Enfermeiras e fisioterapeutas em sua equipe de cuidados também iniciaram sessões de exercícios suaves, como exercícios de alongamento e mobilidade, para evitar uma rápida perda de massa muscular.

“Sou grato por a equipe médica ter decidido acordar a ECMO, pois sabia como a intubação poderia levar a um processo de recuperação mais longo”, acrescentou Lye.

Ela se recuperou o suficiente para impedir a ECMO em 4 de fevereiro e recebeu alta em 15 de fevereiro e voltou a fazer tudo o que costumava antes da hospitalização, como caminhadas e opções clínicas para enfermagem.

O professor Ramanathan disse que, para pacientes que precisam de sedação durante o tratamento da ECMO, a equipe pretende acordá -los após 14 a 21 dias para começar a reabilitação e impedir o desperdício muscular.

Nathan Tan, trinta anos, entrou no departamento de emergência em março de 2023, depois de sentir dor nas costas e respirar superficial.

CMG20250522-RCHIONG01/张俊杰/刘安淇/DA Sobrevivência à força: reabilitação durante e pós-ecmo crucial para melhor qualidade de vida e recuperação mais rápida (bloqueio de Tower Nuhs, #09-01, 1e Kent Ridge Road, Singapore 119228) Mr Nathan Tan* 陈博盛, 30, 30, dando-se, na ridge, na ridge, em 22228, em 2228. Dedos e sua perna esquerda após um ataque de pneumonia em 2023, o Sr. Tan aprendeu a dançar novamente depois de passar por reabilitação. (Nota aos editores: o paciente não deve ser identificado. Seu nome é um pseudônimo.)

Apesar de perder os dedos, os dedos dos pés e a perna esquerda abaixo do joelho depois de um ataque de pneumonia em 2023, Nathan Tan, 30 anos, aprendeu a dançar novamente depois de passar pela reabilitação.Foto: Lianhe Zaobao

Ele foi diagnosticado com pneumonia. “Foi quando tudo foi ladeira abaixo”, disse ele.

Tan permaneceu sedado enquanto estava no ECMO por 38 dias, mas foi despertado para a reabilitação, pois sua equipe de cuidados não queria que os músculos do jovem atrofiassem.

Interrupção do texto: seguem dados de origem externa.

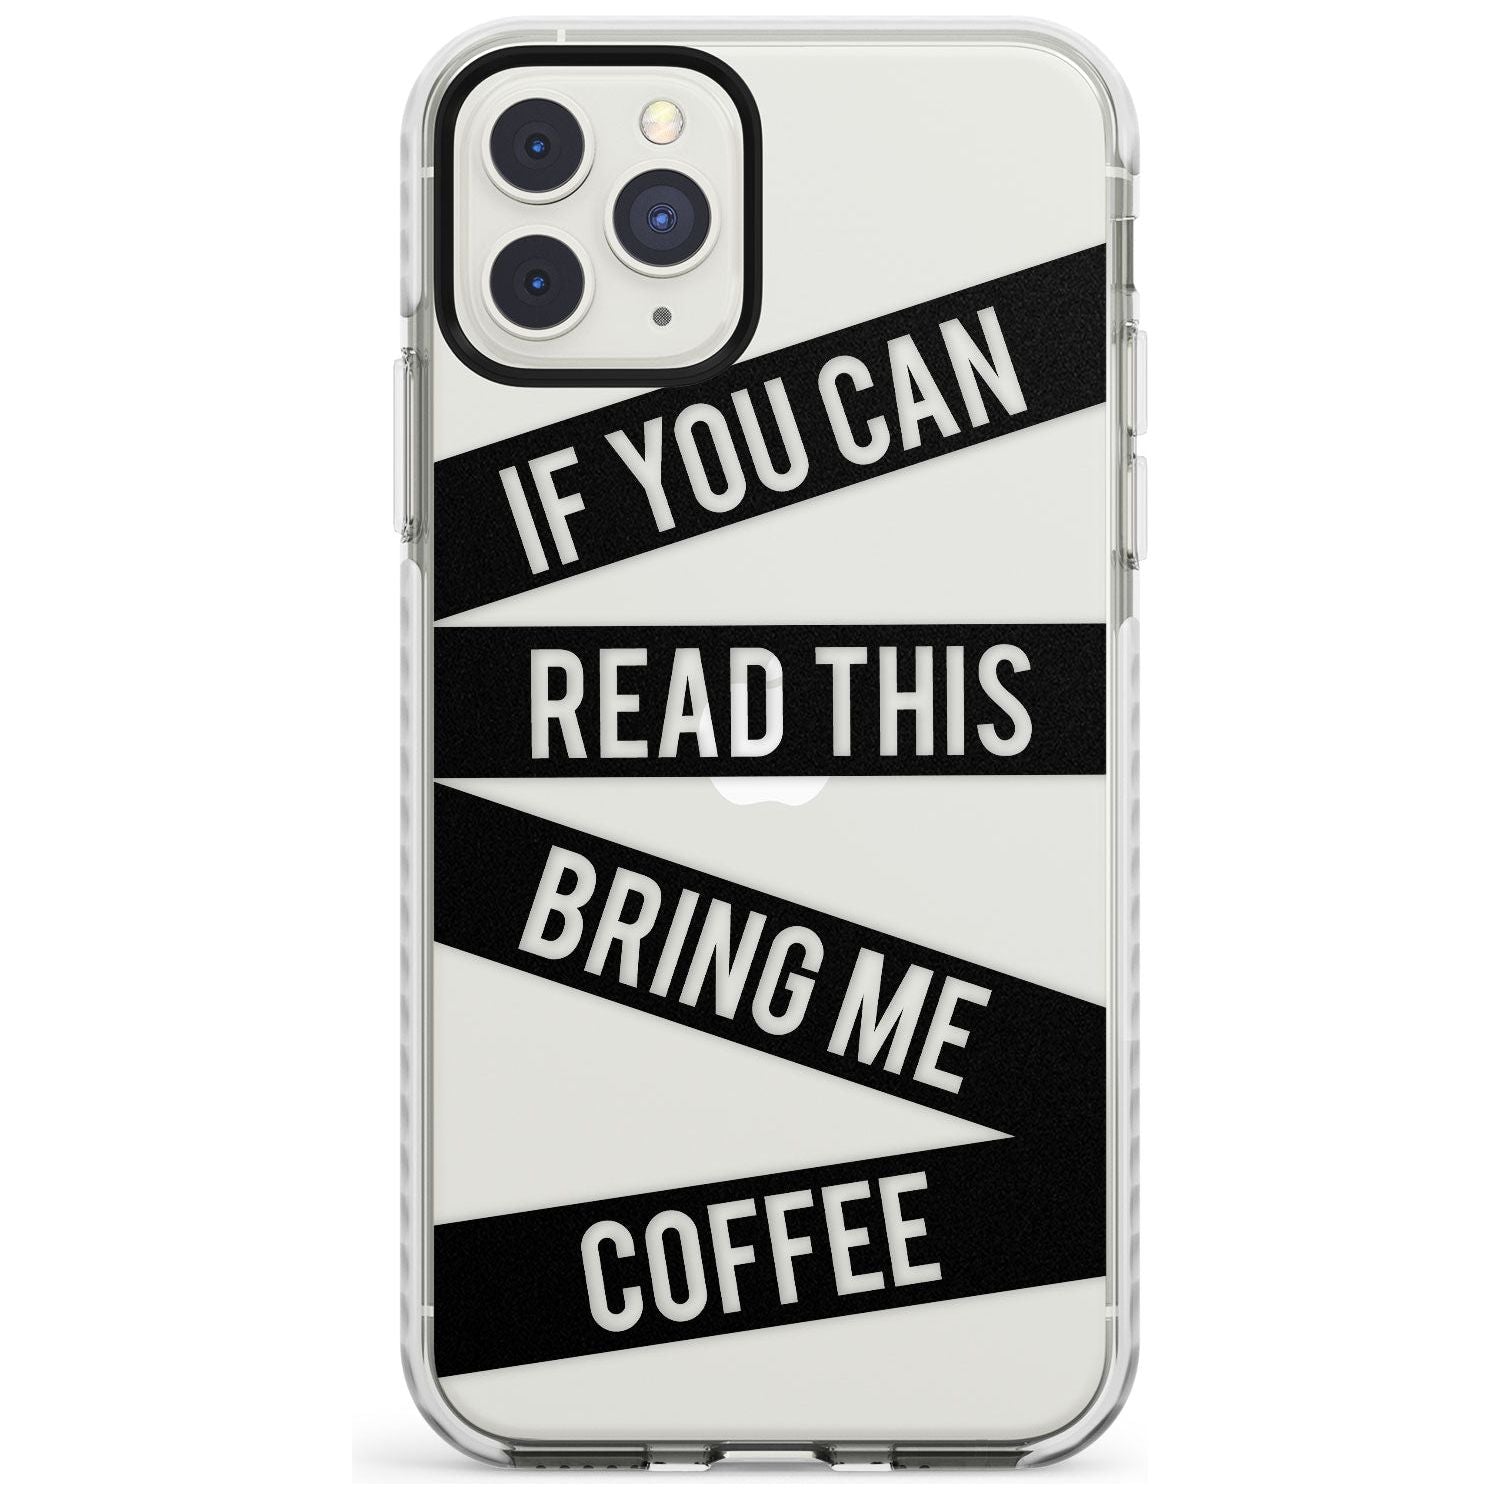 Black Stripes Bring Me Coffee Impact Phone Case for iPhone 11 Pro Max

Infelizmente, em seu terceiro mês no hospital, o vírus que causou sua pneumonia entrou na corrente sanguínea, causando sepse. Ele acabou exigindo amputação dos dedos dos pés e dos pés e da perna esquerda abaixo do joelho, pois eles se tornaram gangrenados.

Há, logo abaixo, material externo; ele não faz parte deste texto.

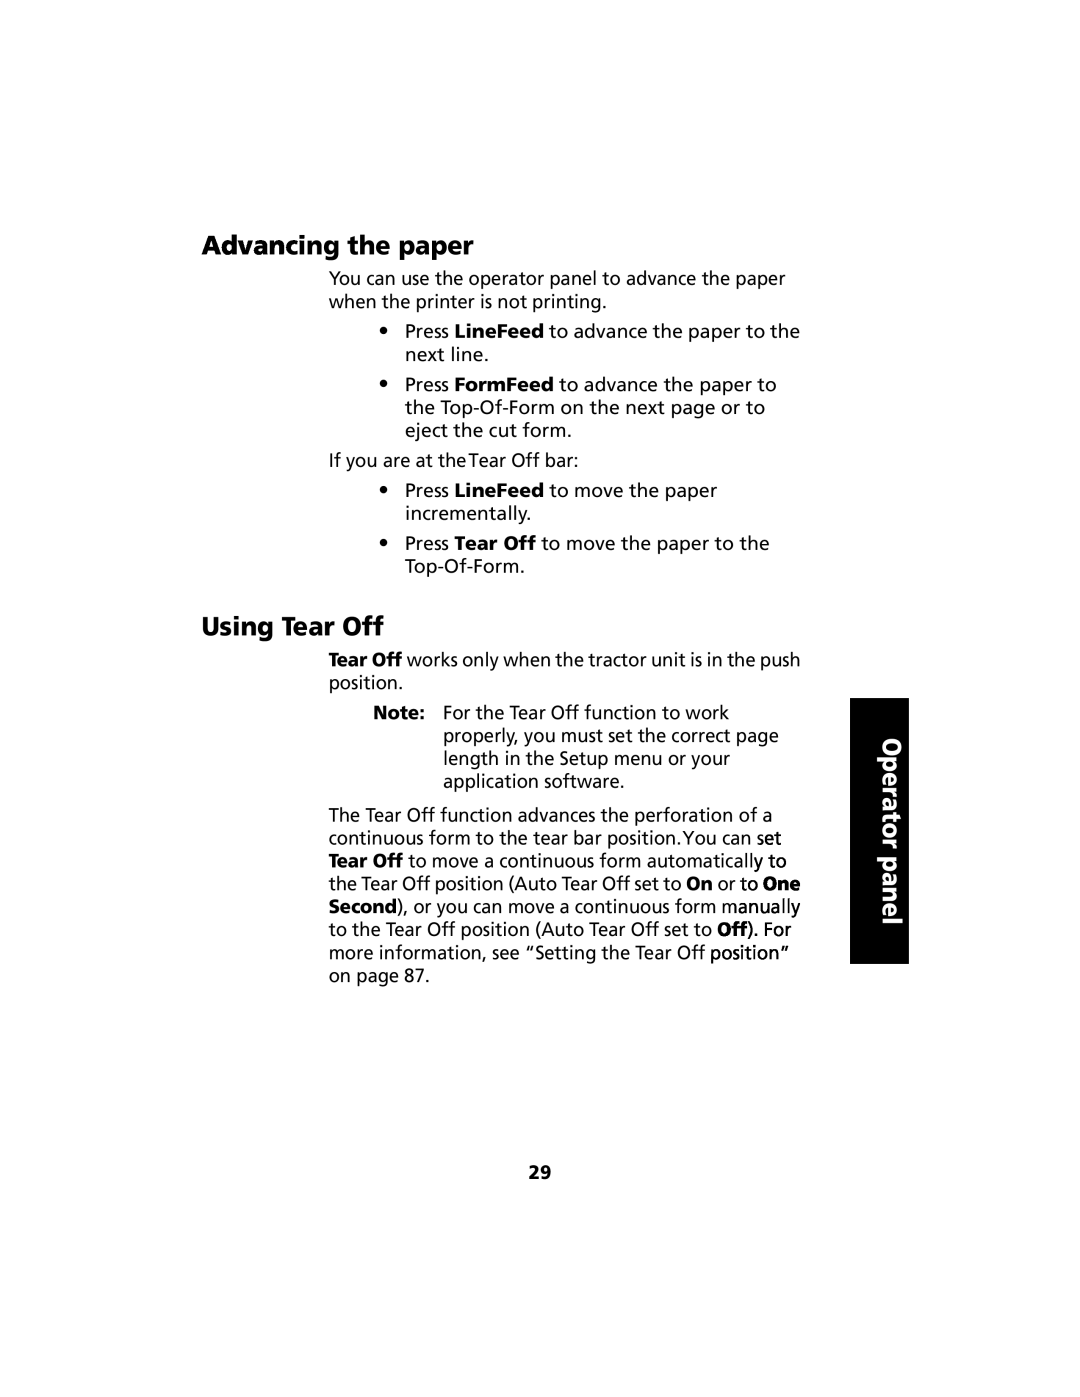 Lexmark 2480 manual Advancing the paper, Using Tear Off, Operator panel

Apesar disso, Tan continua a viver seu sonho de ser dançarino, citando empresas de dança não tradicionais nos EUA que apresentam dançarinos com deficiência como fonte de inspiração.

“Meus fisioterapeutas foram criativos e trabalharam em movimentos de dança para minha terapia, ajudando -me a continuar a sentir que sou digno. Recuperei minha confiança e até fui ao concerto de Lady Gaga no 21 de maio e dançou meu coração ”, ele disse.